The 16 to 33 million cases of typhoid fever that occur each year, principally in Southeast Asia, result in approximately 600,000 deaths. Currently licensed typhoid vaccines are only about 70 percent effective in older children and adults and fail to protect young children; consequently, routine immunization programs don't include typhoid vaccine. NIH and Vietnamese investigators report that a new Salmonella typhi conjugate vaccine, constructed analogously to Haemophilus influenzae vaccine, has high protective efficacy in young children.

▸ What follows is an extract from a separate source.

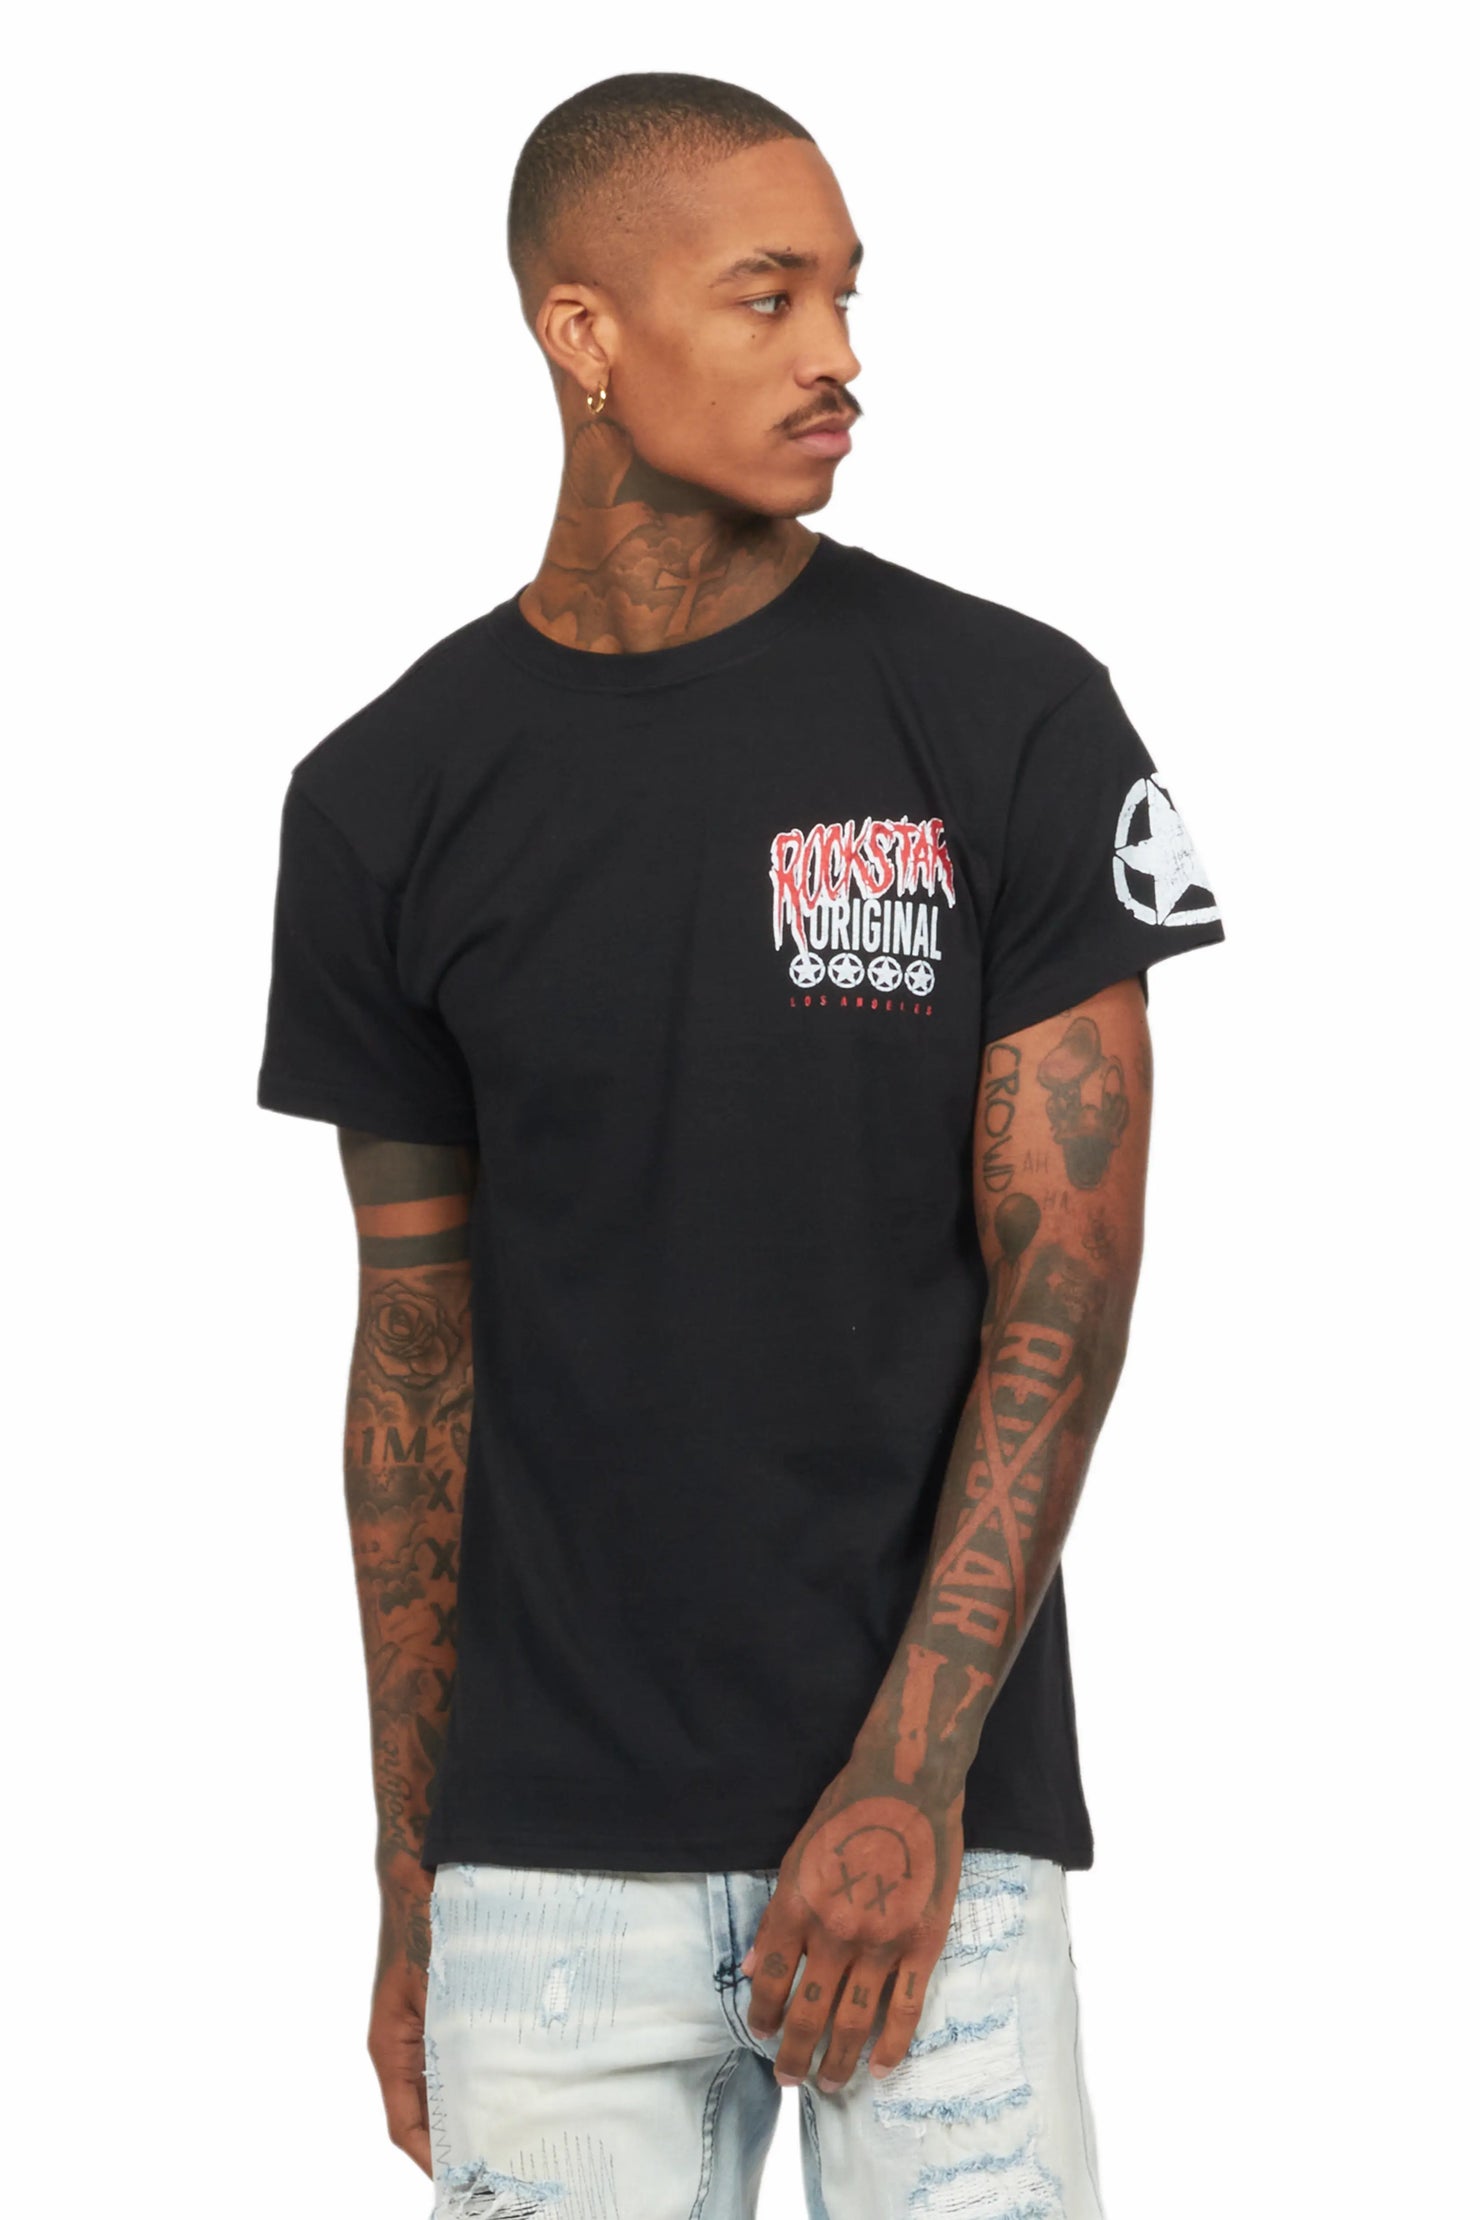 Wizzurd Black Graphic T-Shirt

This double-blind, randomized, NIH- and manufacturer-supported trial was designed to evaluate a new typhoid vaccine comprising the capsular polysaccharide of S. typhi, Vi, conjugated to nontoxic recombinant Pseudomonas aeruginosa exotoxin A (Vi-rEPA). Active surveillance of 11,091 children, 2 to 5 years old, residing in the typhoid-endemic Mekong Delta of Vietnam, lasted for 27 months. Four of 5525 children who received 2 injections of Vi-rEPA (6 weeks apart) in 1998 developed blood-culture-positive typhoid fever, compared with 47 of 5566 placebo-inoculated children (efficacy, 91.5 percent). One of 388 children who received 1 vaccine injection developed typhoid fever, compared with 8 of 383 placebo recipients (efficacy, 87.7 percent). All 21 children requiring hospitalization were placebo recipients. No serious vaccine-associated adverse effects occurred; 20 Vi-rEPA recipients had arm swelling of more than 5 cm after their second injection. All 36 children studied serologically developed at least 10-fold rises in serum IgG Vi antibodies 4 weeks after their second injection of Vi-rEPA. Serologic responses persisted for at least 2 years in vaccinees.

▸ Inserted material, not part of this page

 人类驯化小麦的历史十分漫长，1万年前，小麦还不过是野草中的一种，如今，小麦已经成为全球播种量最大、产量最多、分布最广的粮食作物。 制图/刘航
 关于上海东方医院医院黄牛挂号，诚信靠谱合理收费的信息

Comment: Vi-rEPA is a highly effective vaccine in young children, representing a major advance in potential control of typhoid fever. The antibody levels it induces strongly suggest that it would also be highly protective in older children and adults, including travelers, laboratory workers, and military populations. If Vi-rEPA also proves immunogenic and safe for infants, it should be added to WHO global immunization programs.

— N Blacklow

Published in Journal Watch Infectious Diseases May 10, 2001

Citation(s):

Lin FY et al. The efficacy of a Salmonella typhi Vi conjugate vaccine in two-to-five- year-old children. N Engl J Med 2001 Apr 26 344 1263-1269.

Guerrant RL and Kosek M. Polysaccharide conjugate typhoid vaccine. N Engl J Med 2001 Apr 26 344 1322-1323.